Harrison Ford puts Spotlight on Protecting Species

7/14/2002

Ford Stars in Conservation International Public Service Announcement

Washington, DC - Comparing the human heart to the Earth's most vital biological regions, actor and conservationist Harrison Ford explains how biodiversity is essential for a healthy planet in a public service ad campaign launched today by Conservation International (CI).

"The human heart. Just over one percent of your body weight, but critical to your survival. Our Earth has places, just over one percent of its surface, which are critical to our survival," says Ford in the PSA. "They're called biodiversity hotspots, and Conservation International is fighting to protect them before they disappear forever. These hotspots are home to over 60 percent of the world's species. Plants and animals that provide food and medicine that clean our air and water. That keep our planet alive."

The 25 biodiversity hotspots cover just 1.4 percent of the Earth's land surface, yet claim more than 60 percent of total terrestrial species diversity. Under extreme threat, many hotspots have lost more than 90 percent of their original natural habitat. CI is a global, field-based environmental group that works to protect biological diversity. By working through local and international partnerships, CI uses a strategic, scientific approach targeting the biodiversity hotspots, tropical wilderness areas and key marine ecosystems.

"Conservation International's message is positive, and while I think people need to understand the urgency of species extinctions, they also need to see that there is a solution that they can help support," said Ford.

Harrison Ford has served on Conservation International's Board of Directors for more than 10 years and has actively participated in the strategic design and growth of the organization. Ford has been honored with a number of environmental awards including, most recently, the 2002 Global Environmental Citizen Award bestowed by the Harvard Medical School.

"Harrison Ford is a dedicated conservationist who understands the issues and has helped CI evolve into the strong organization we have today," said Peter Seligmann, CI's chairman and CEO. "Helping people understand the urgency and importance of biodiversity conservation is another tremendous contribution he is making for this cause."

New York based Green Team Advertising, led by President and Creative Director Hugh Hough, contributed its services to create the PSA. Companies that contributed production services included: video editing by Go Robot! and Rhinoceros Editorial; computer animation by Turbulence Effects; and camera equipment by Broadcast Video Rentals, LTC. The broadcast PSA was completely shot with HDTV technology and incorporates some of the latest advances in animation design.
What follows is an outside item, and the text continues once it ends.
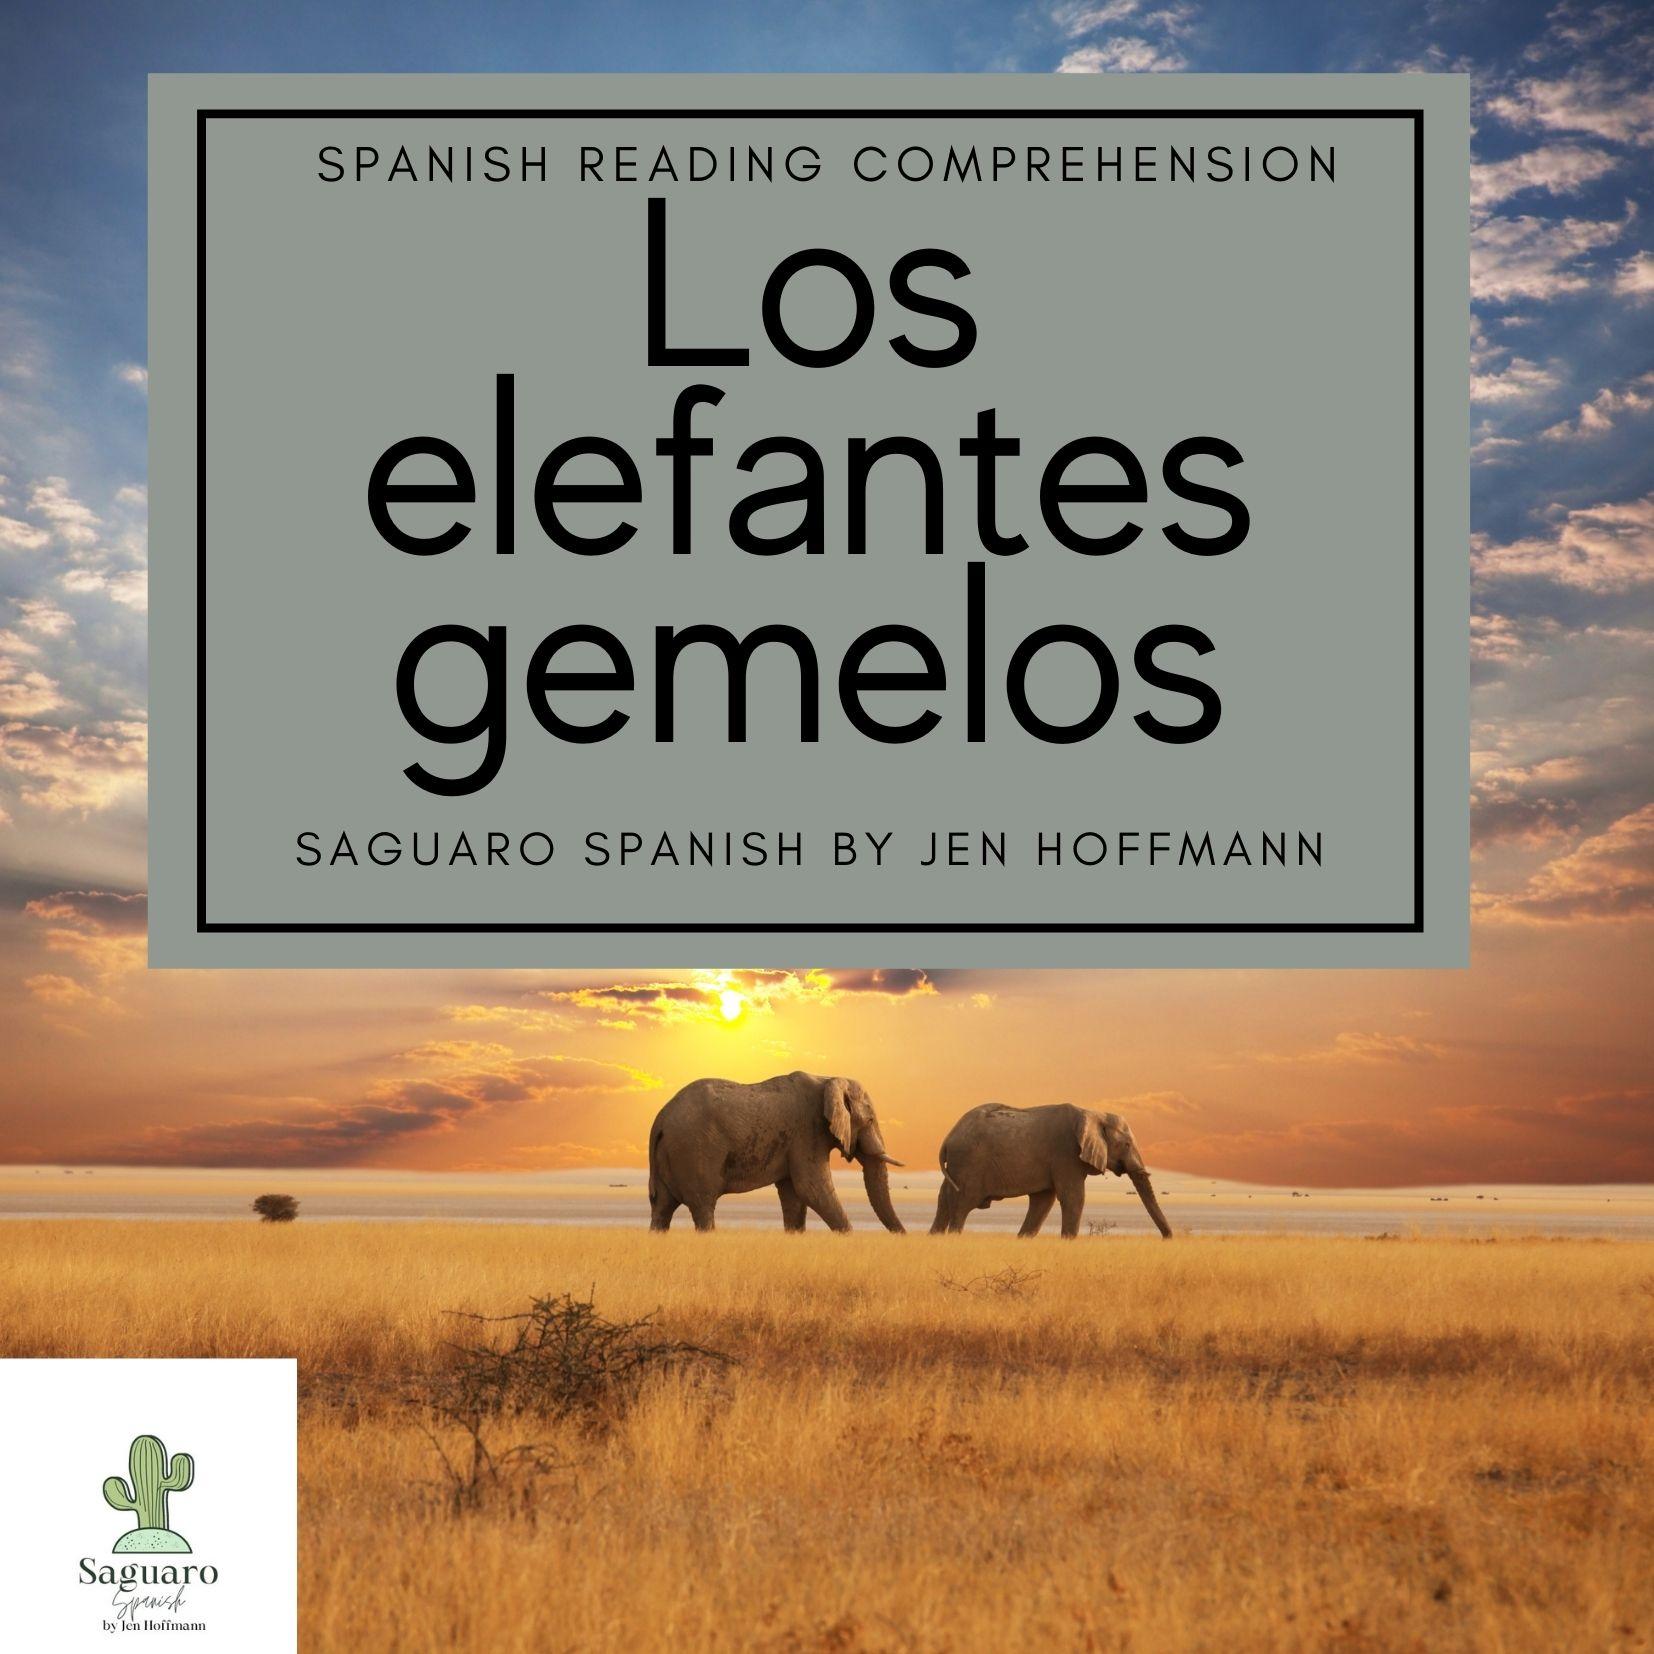 Spanish (CI) Reading Comprehension Story and Worksheet : Los elefantes gemelos

Conservation International is a certified 501(c)(3) non-profit organization. The PSA campaign is part of the organization's communications strategy to broaden the public's understanding of the importance of global biodiversity.

The print and broadcast PSAs can be viewed online at www.conservation.org. Media representatives who would like broadcast or print versions of the PSA to review should call Jason Anderson at (202) 912-1464.

The full PSA script is as follows:

"The human heart. Just over one percent of your body weight, but critical to your survival. Our Earth has places, just over one percent of its surface, which are critical to our survival. They're called biodiversity hotspots, and Conservation International is fighting to protect them before they disappear forever.

These hotspots are home to over 60 percent of the world's species. Plants and animals that provide food and medicine; that clean our air and water; that keep our planet alive.

Conservation International is a hands-on, get-it-done organization. We involve science, business, governments and local people to get results. Conservation International has helped save millions of acres and hundreds of species. It's working.